Изменить стиль страницы

Пашковский явился утром. Его лицо было в копоти, а повязка на руке — чёрная, как сажа.

Я вышел из блиндажа. Взошло солнце. Всё кругом стало как-то радостней. Я снял шапку и подставил голову холодному ветру.

Я решил пройти на огневые позиции артиллеристов. Пушки стояли в полукилометре от КП танковой части, где я провёл ночь.

Но мне не пришлось дойти до опушек. И вот как это случилось. Сначала я шёл, опускаясь в воронки и вылезая из них. Ям было так много, что земля казалась одной сплошной воронкой. Когда начинался артиллерийский налёт, — а он «начинался» каждые четверть часа, — приходилось прижиматься ко дну очередной воронки. В первой же паузе я решил сменить моё «бомбоубежище» на более глубокое. Этого, конечно, не следовало делать. Я убедился в этом несколько позже, очнувшись в передовом пункте медпомощи. Я сидел на скамье, опустив голову на грудь девушки-медсестры, а она гладила меня по волосам.

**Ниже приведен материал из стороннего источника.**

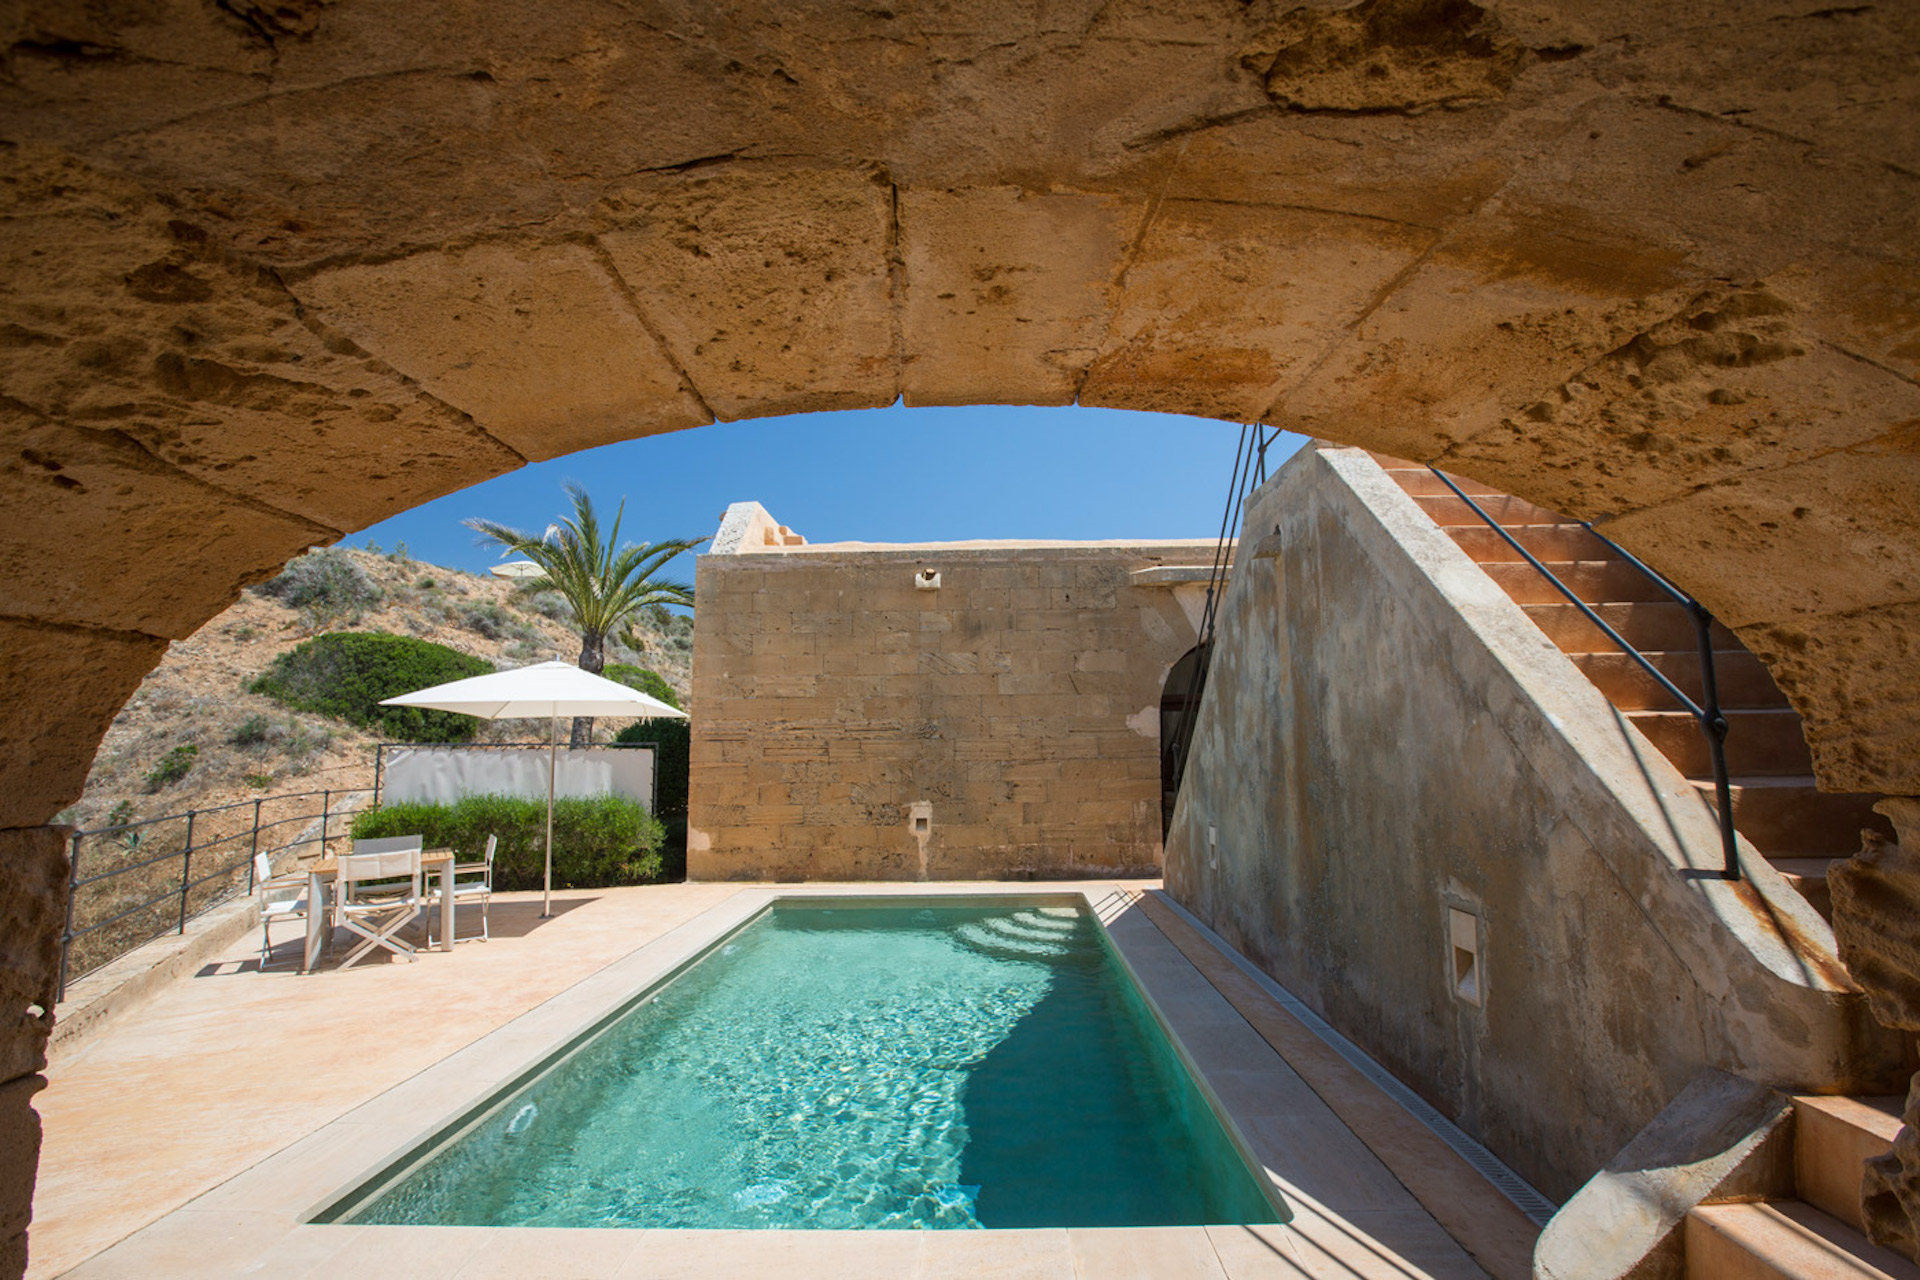 Cap Rocat - Ancient Spanish Fortress - Humphrey Munson Blog

Я смутно припоминал, что летел куда-то, или всё вокруг меня куда-то летело, или плыл по воздуху, причём — это я уж наверное помню — плыл как-то задом наперёд. Потом будто остановился от какого-то резкого толчка, и всё перед глазами стало медленно перемещаться. Ну вот и всё, больше уже ничего не помню.

Когда очнулся, то услышал, как медсестра говорила, очевидно, диктовала кому-то:

— Капитан Савин. Контузия. Ранений нет. Эвакуировать.

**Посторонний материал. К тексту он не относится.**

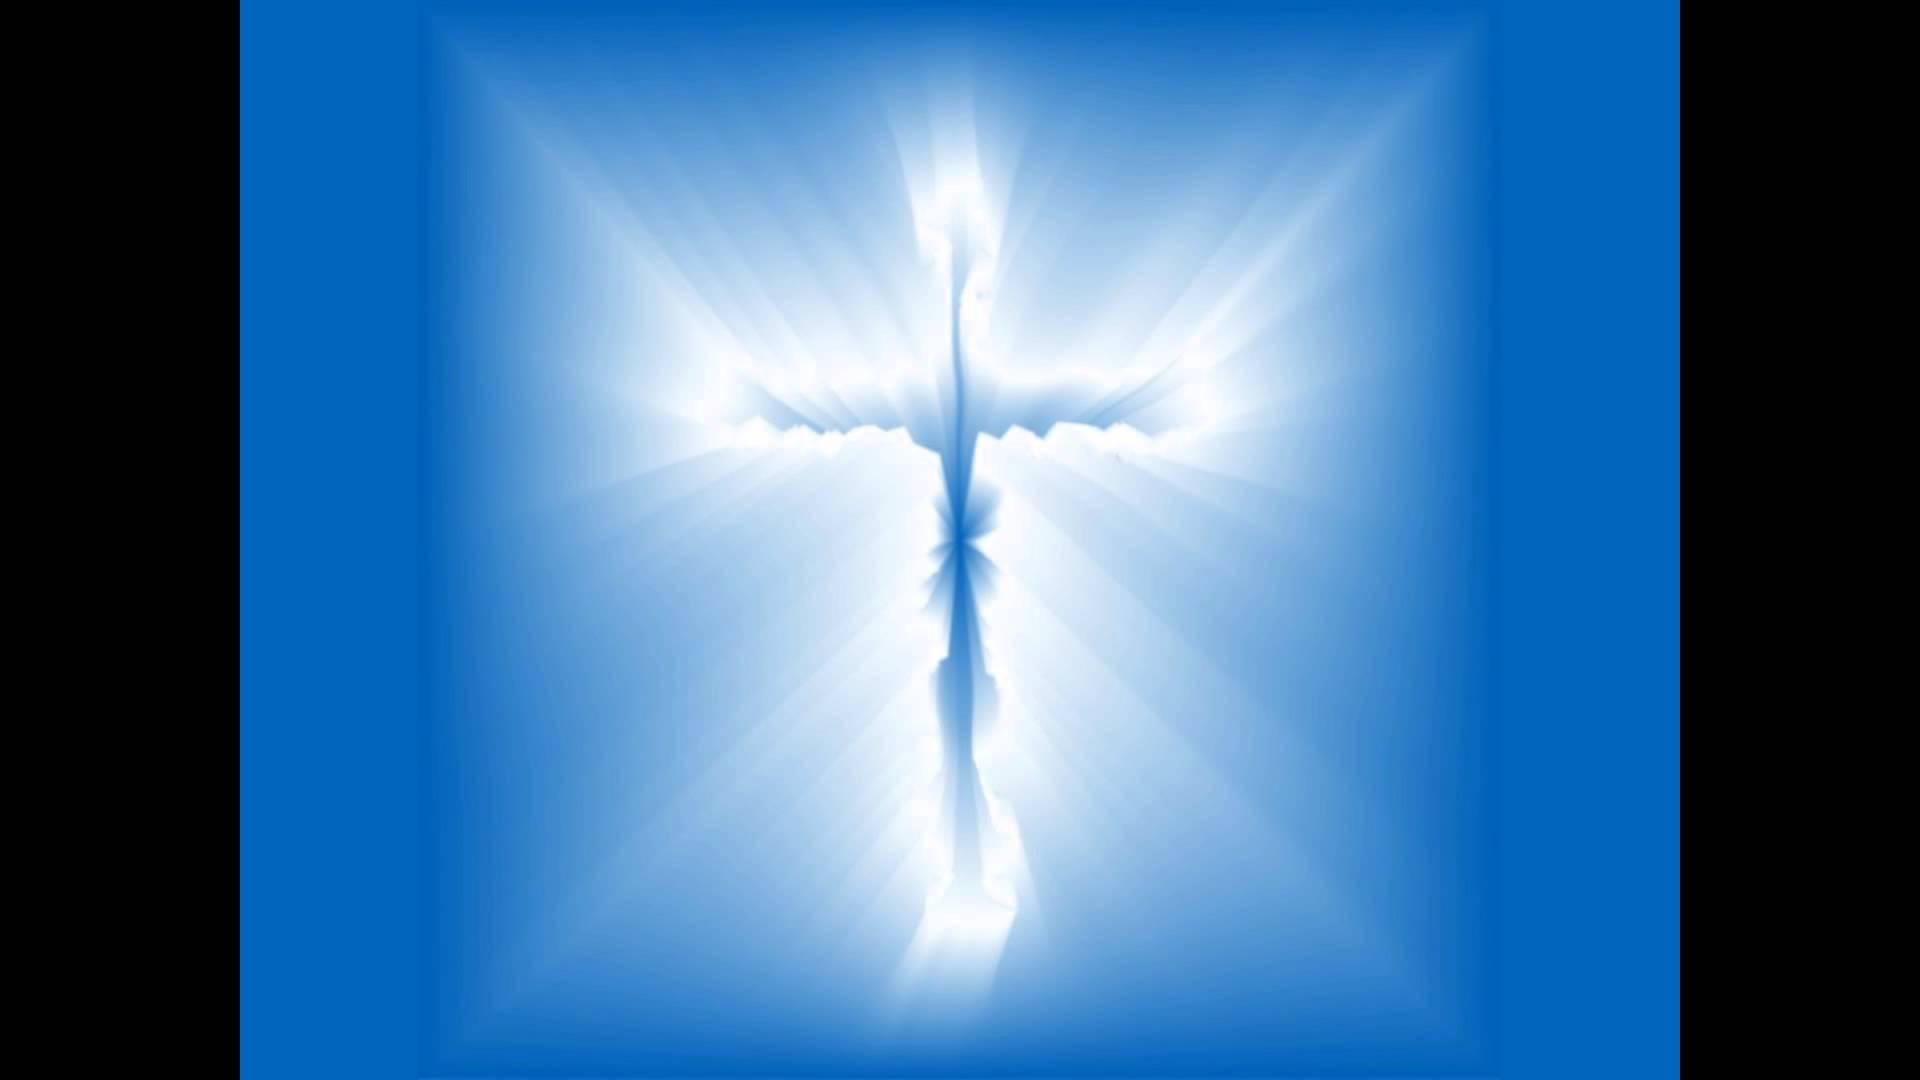 Opwekking 638 - Prijs Adonai 2

Затем мои зубы стукнулись обо что-то, я открыл глаза и увидел другую девушку. Она держала у моих губ кружку с жидкостью. Я хлебнул. Это был коньяк. Сделал большой глоток, затем второй, но тут же всё поплыло куда-то и девушка стала медленно перевёртываться вниз головой. Затем почувствовал тошноту и, уже совсем куда-то проваливаясь, услышал голос:

— Нельзя ему коньяк давать…

Второй раз очнулся в санях. Я лежал рядом с двумя ранеными. Ездовой сидел впереди и время от времени давил своим задом на наши головы.

Я откинул одеяло и посмотрел вокруг. Было уже темно. Мы ехали очень медленно.

Затем я услышал над собой голос:

— А этот куда ранен?

— Он контуженый, — ответил ездовой.

Говорили, видимо, обо мне. Я попробовал приподняться, но в голове тут же зашумело и тошнота подкатилась к самому горлу. Меня взяли под руки с обеих сторон санитары и помогли встать. В большой санитарной палатке, куда меня ввели, горело электричество. Во всю её длину, над землёй, были установлены горизонтальные шесты. На них стояло несколько десятков носилок. На носилках лежали люди. Они стонали, звали санитаров, ругались и плакали.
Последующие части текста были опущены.